CategoriesPutz houses
  1. Sue Montgomery says:

    What a lovely post! We grew up with our German “village under the tree” scene that was in my mother’s family growing up. It dates from the late ’20s to early ’30s. My brother now has it. A treasure trove of memories!

  2. Pingback:Gearing up for Christmas | Mad About Making

  3. Lk says:

    I am very lucky that my mom abd dad grew up in the mud century. They married in 1961 so Ive inherited lots of Putz houses and mid century items. Im so glad she kept these things.

  4. Lucy says:

    Papa Ted’s site is no longer. All of his content though, is archived on http://www.cardboardchristmas.com/papateds/. Cardboard Christmas also has a forum where some wonderful Putz makers post their masterpieces (Howard Lamey foremost among them) and tips, plans, and questions about making the little houses. You’ll learn a lot on this site.

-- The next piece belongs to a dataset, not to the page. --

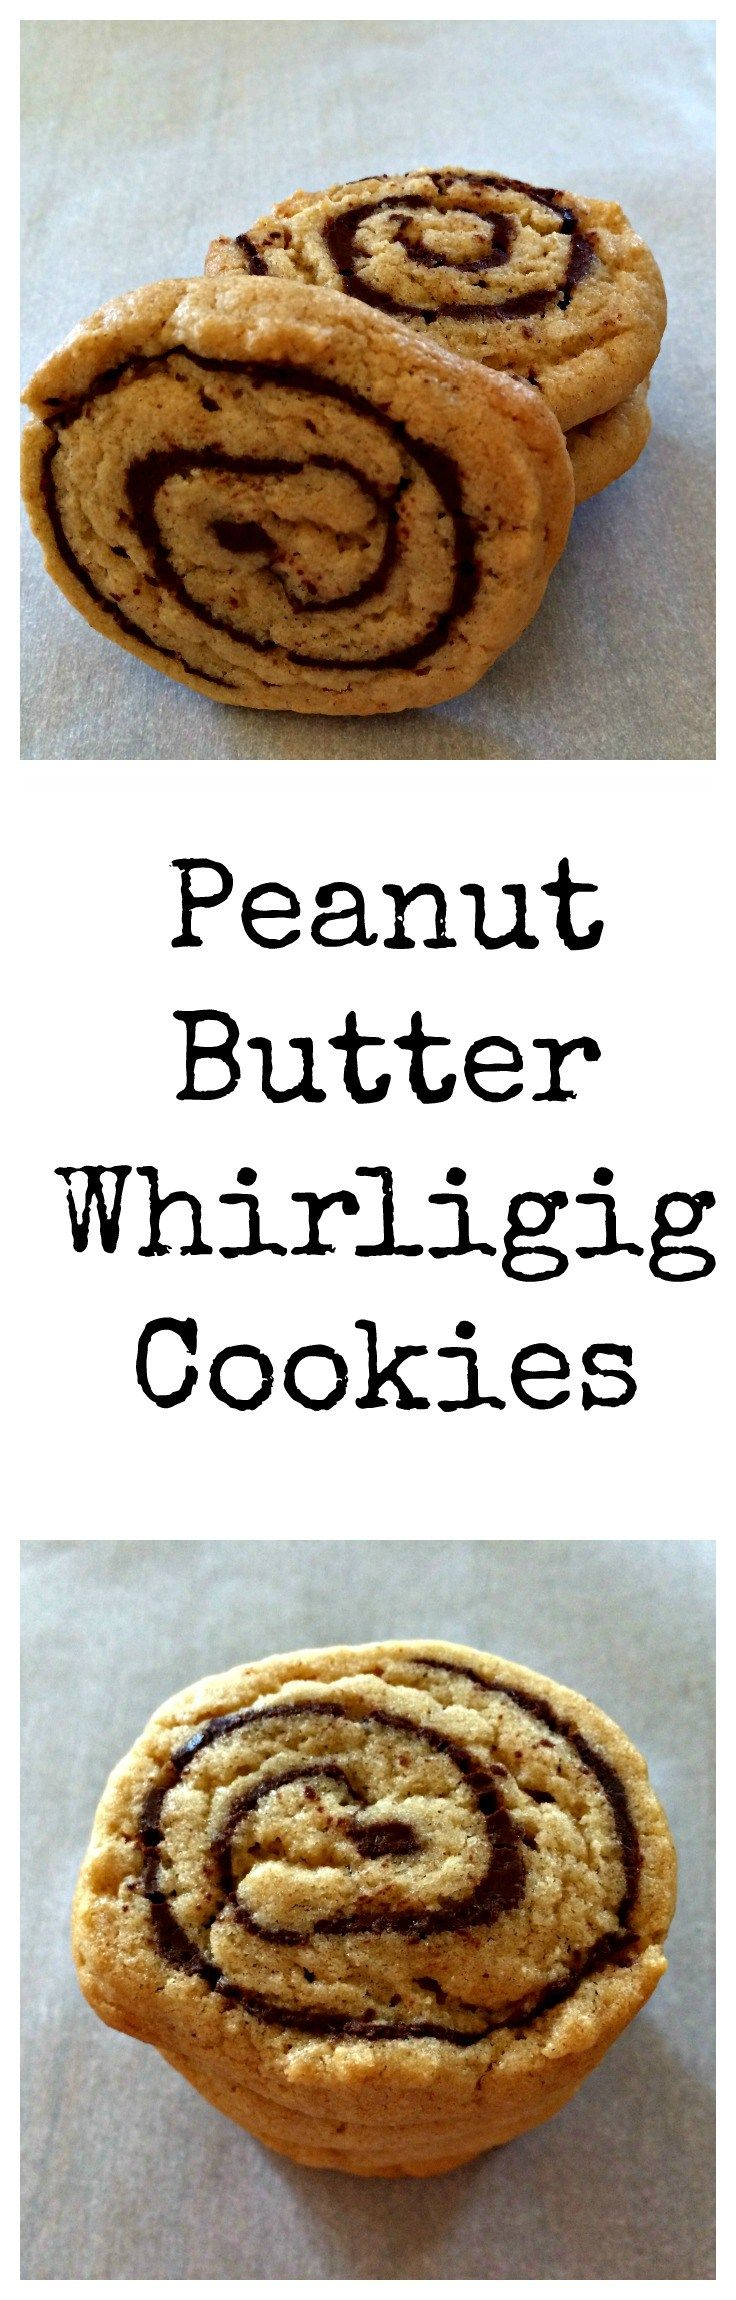 Peanut Butter Chocolate Pinwheel Cookies

    I am not the proprietor of Cardboard Christmas, but I do post things there. I go there to learn how to make the houses. Have fun

  5. Diane Kelley says:

    I’m almost 70 and loved our little Putz houses. I still have some and always love to look at them. Now days the houses and churches etc are so different and very expensive. Wonder if the young tech kids would like them ?

  6. Becky says:

    Thank you so much for all of these patterns. I love them so much and intend on spending the next month making these beauties for my home.

  7. normadesmond says:

    Putz may mean “ornament” in german, but in yiddish it means penis. Easy to see how that definition jumped languages.

    I’m sure you’ve heard people saying they were just “putzing around.”
    That’s right, picking around.

  8. Mr Kim says:

    It looks to me like those Putz Houses were the inspiration for Lilliput Lane. A series of collectible miniature cottages which have been collected for years in the UK. They normally go up on the mantelpiece all year round. Though there are Christmas editions too which get lighted up in the inside. Do take a look on the Internet, they are very pretty (and, yes, kind of pricey). As you might expect they morphed into bucolic rather than Mid Century style -chocolateboxy British style, you know- 🙂

  9. Mike says:

    Yep, we had them, but I didn’t know they were Putz houses. Each had a hole in the back for a single Christmas bulb. We had the Santa sleigh, too. Santa was in sorry shape, as were his reindeer: their cardboard antlers gave way to the ravages of time and the occasional knocking around by us kids on Christmas morning. They smelled of the attic, just like everything else!